= Beginning of Section =
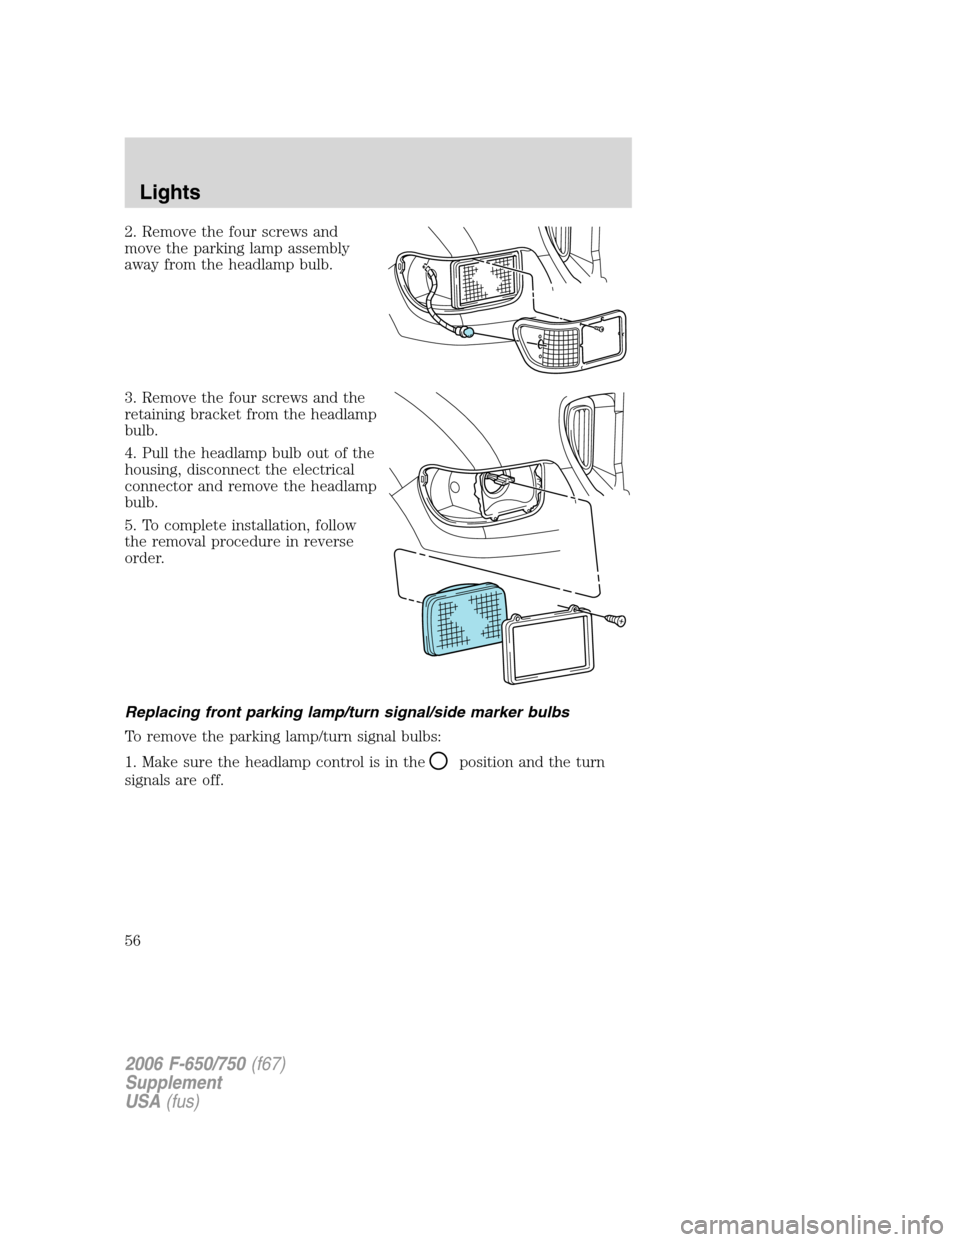 FORD F750 2006 11.G Owners Manual 2. Remove the four screws and
move the parking lamp assembly
away from the headlamp bulb.
3. Remove the four screws and the
retaining bracket from the headlamp
bulb.
4. Pull the headlamp bulb out of t
= End of Section =
# Task details:
Every line between the one holding "3. Remove the four screws and the" and the end of the listing above, inclusive, must be transcribed exactly; omit all others.

# Reply:
3. Remove the four screws and the
retaining bracket from the headlamp
bulb.
4. Pull the headlamp bulb out of t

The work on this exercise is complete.